TV Networks Endure Sharp Ratings Declines, Makegoods Are An Issue
- by Wayne Friedman , February 5, 2021
Now four months into the 2020-2021 TV season, major TV networks are still dealing with worse-than-normal audience under-delivery advertising promises this season. That makes it harder to have makegood viewership rating guarantees made in the upfront period.
“It’s a debacle,” says one senior executive media agency investment officer, speaking to Television News Daily -- adding that networks shouldn’t be selling “scatter” inventory until dealing with makegood inventory shortages.

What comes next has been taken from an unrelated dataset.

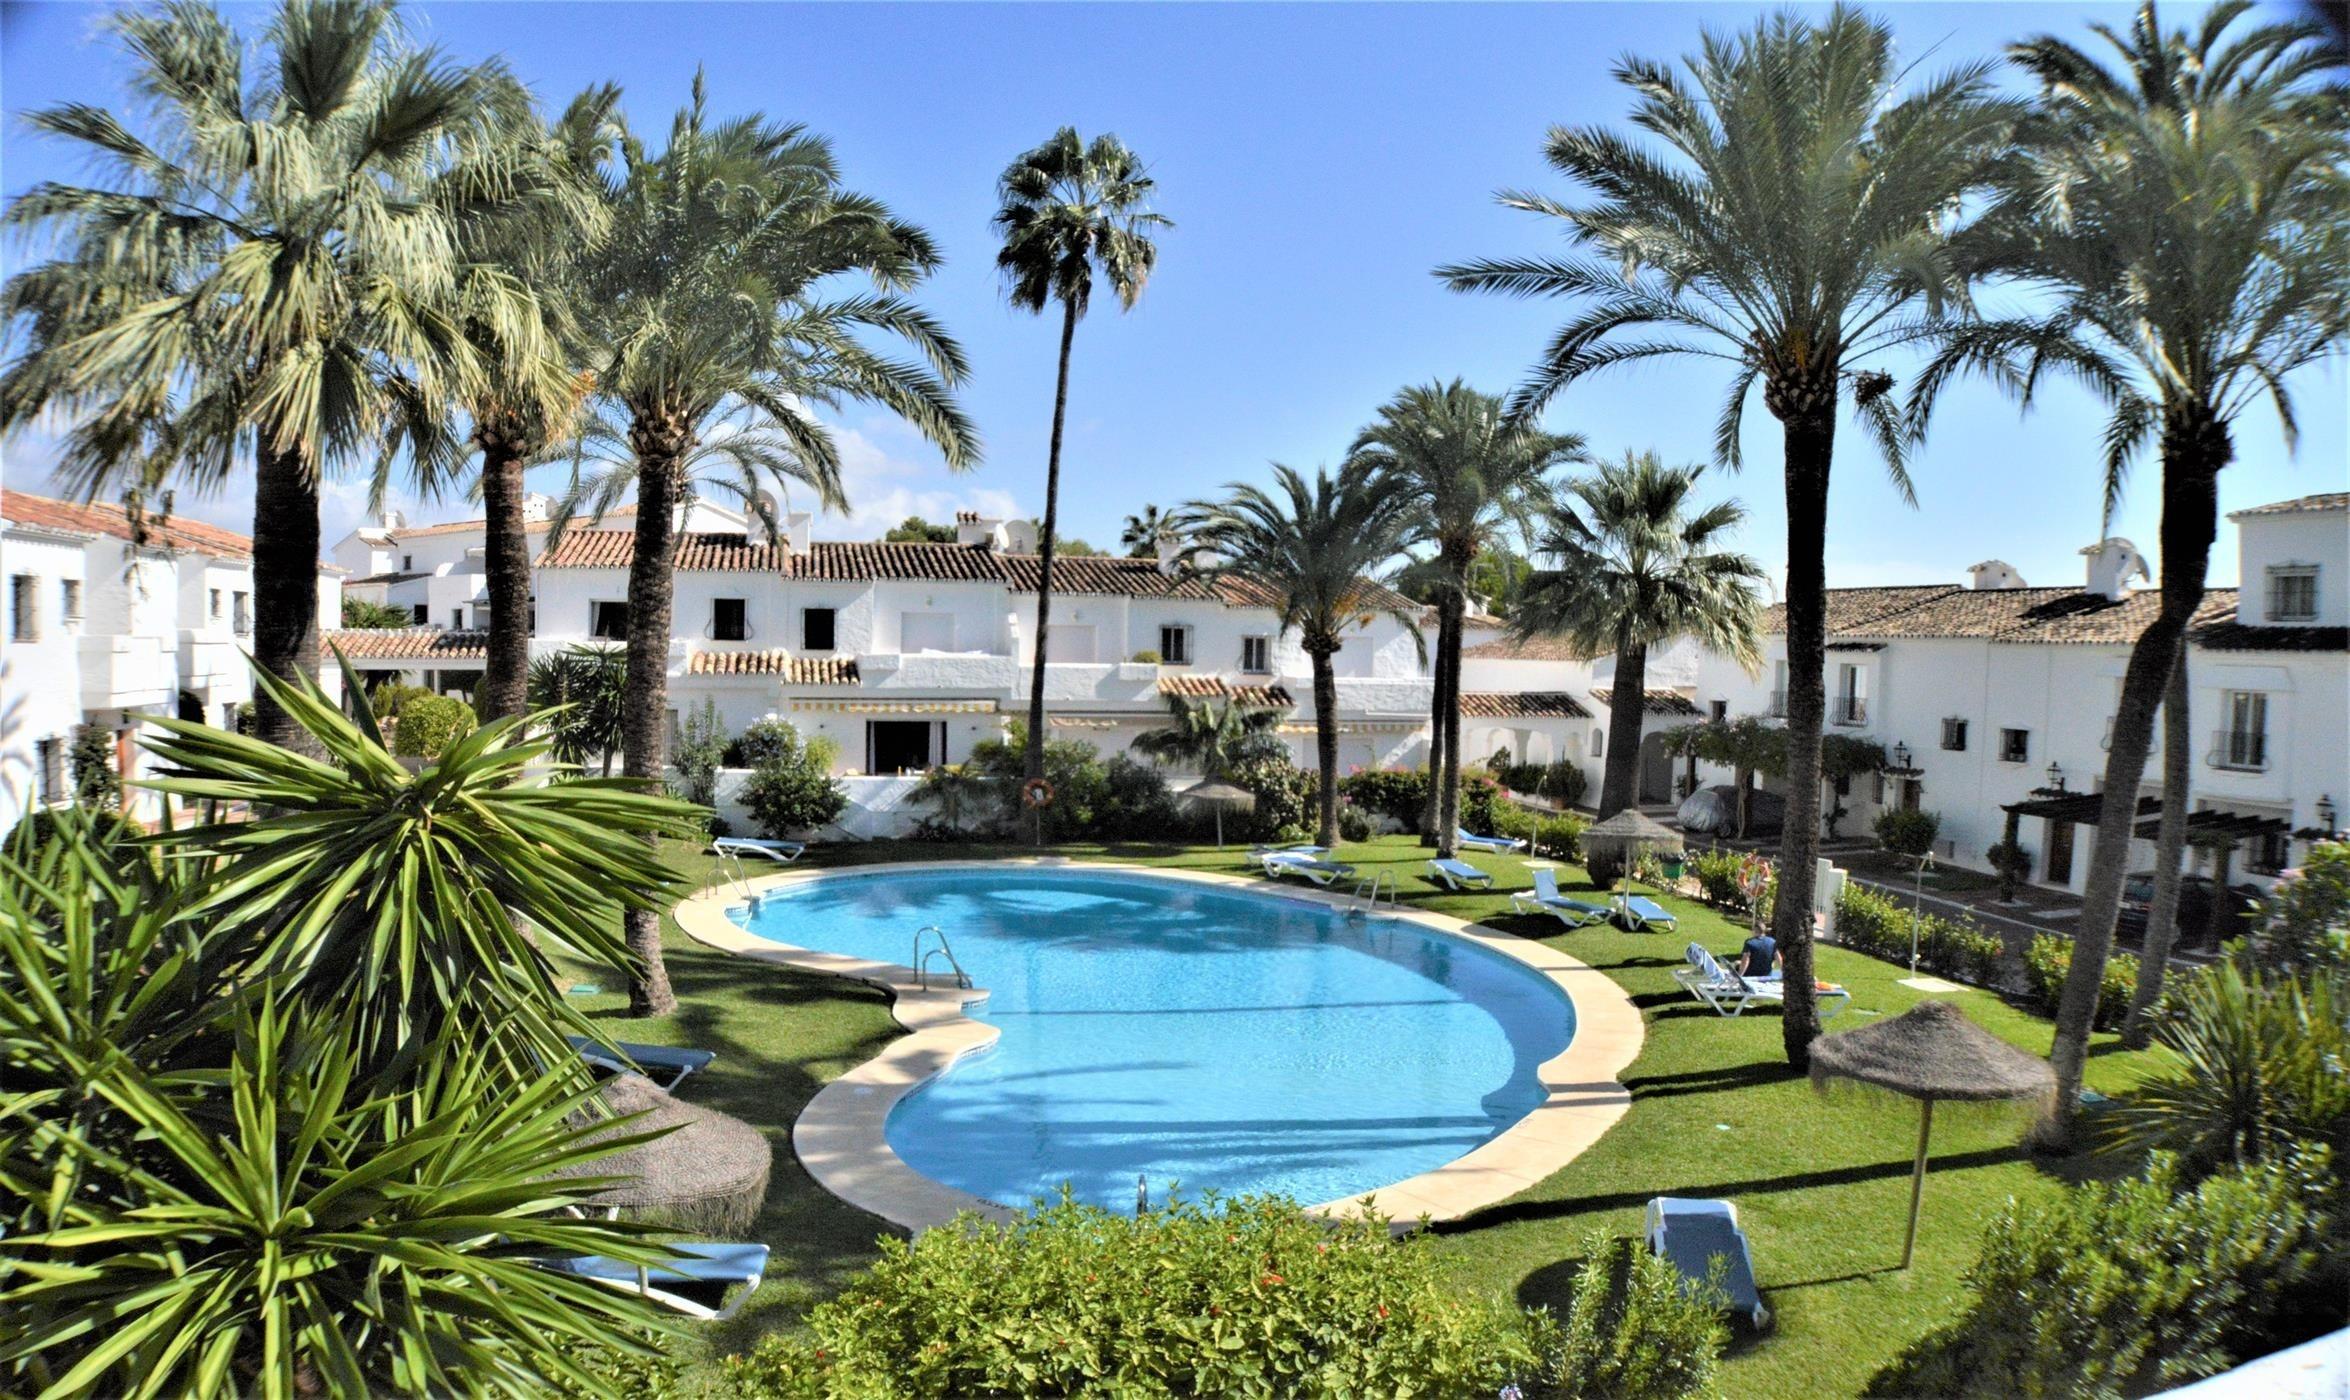 Adosada de estilo Mediterráneo. Nueva Andalucía.

Another agency executive noted: “There was definitely under-delivery of at least 10% to 15%. Networks are trying to get creative with makegood packages in terms of digital video, marketing and social media. They will be working through this for the next few quarters.”
Earlier evidence of the shortfall revealed itself a few weeks into the new season, with steeper 20% to 30% ratings declines in some cases. The ratings declines were partly due to fourth-quarter delays of new TV prime-time programming.

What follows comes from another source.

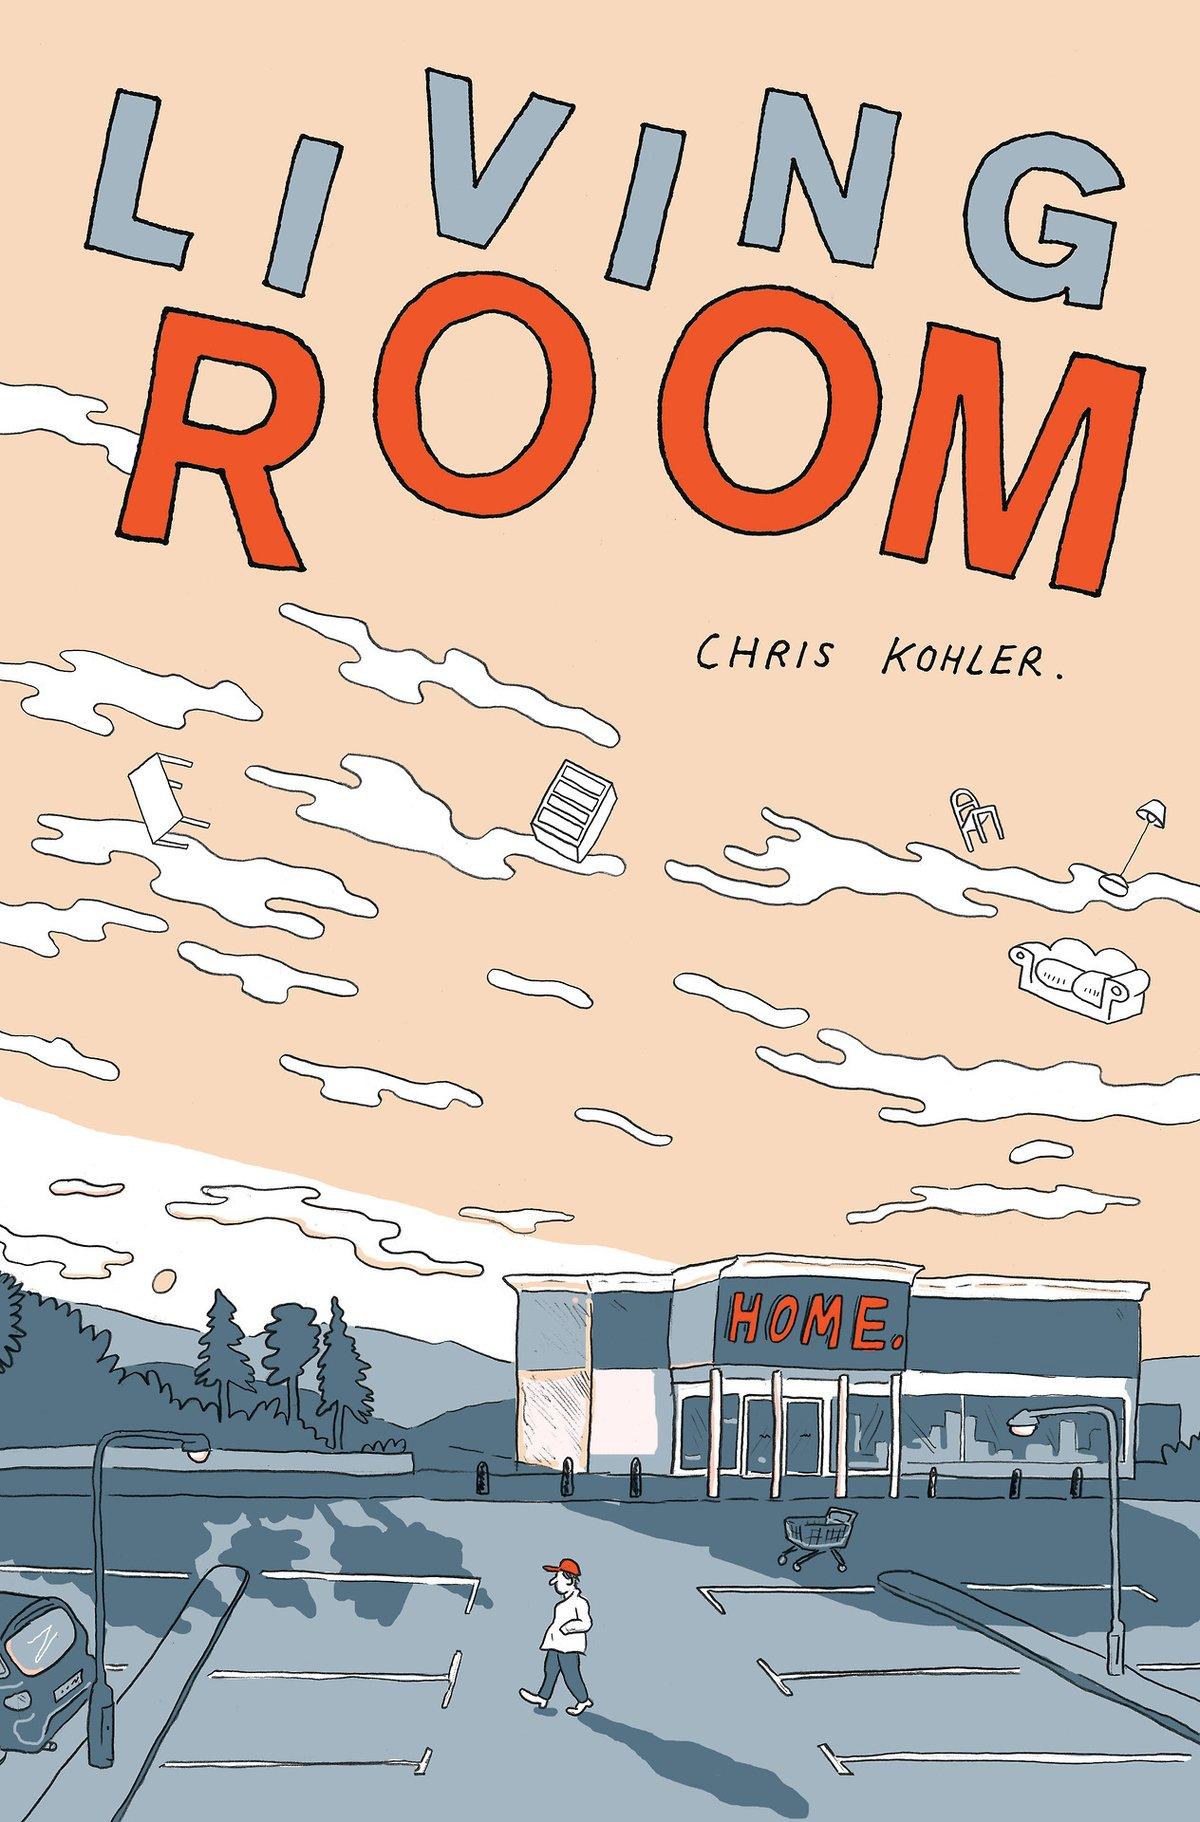 Image of Living Room by Chris Kohler

Major TV broadcast network representatives at ABC, NBC, CBS and Fox did not respond to inquiries by press time, or had no comment.
Networks are finding it challenging to meet specific marketers’ deal-making.

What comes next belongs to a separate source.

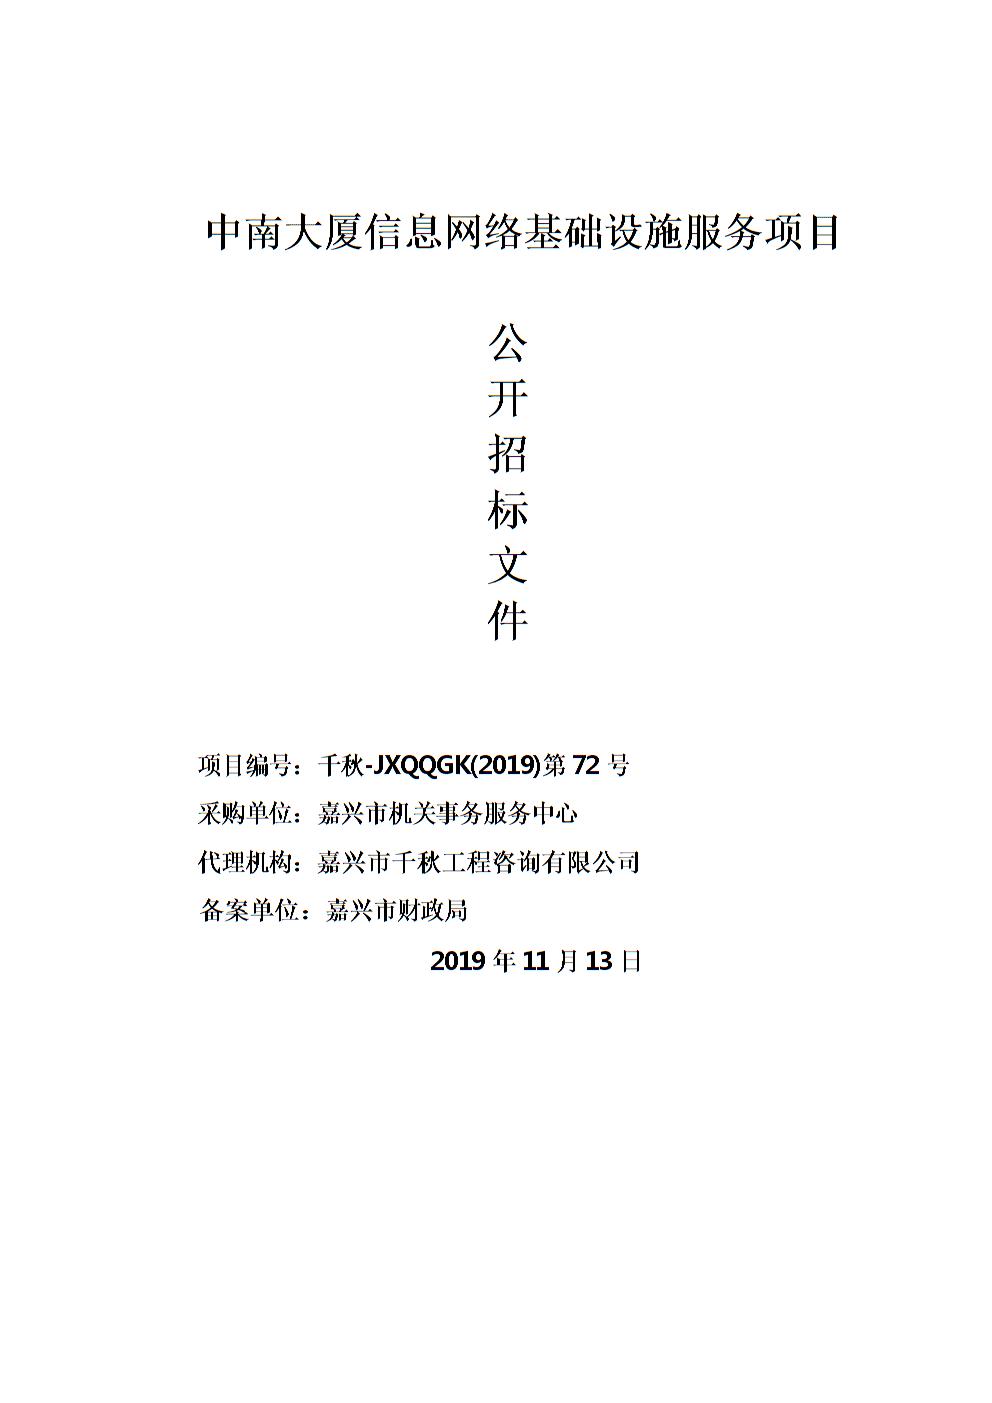 中南大厦信息网络基础设施服务项目招标文件.docx

For example, network-owned connected TV platforms skew to younger audiences, which may not meet advertisers' media deal agreements that target older TV viewers. Even then, there is little ad inventory available on CTV platforms, given they carry much lighter ad inventory loads per hour versus on live, linear TV networks.
Some networks anticipating programming delay issues made changes in upfront deal-making, just before the start of the current season, to combat these potential issues.
A network executive told Television News Daily: “By guaranteeing advertiser delivery on broader persons 18 and older audiences, we have reduced the volatility associated with continued declines or fluctuation against the traditional major transaction demos of persons 18-49 and 25-54.”
Media agency executives are concerned that network issues could head in another direction: They may look to remove these inventory liabilities -- sometimes described as a “liability wipe” -- from their books, which essentially wipes out impressions owed to marketers.
One longtime media executive observes: “The liability wipe is the plan for many. Whether they can force it or not is another question.”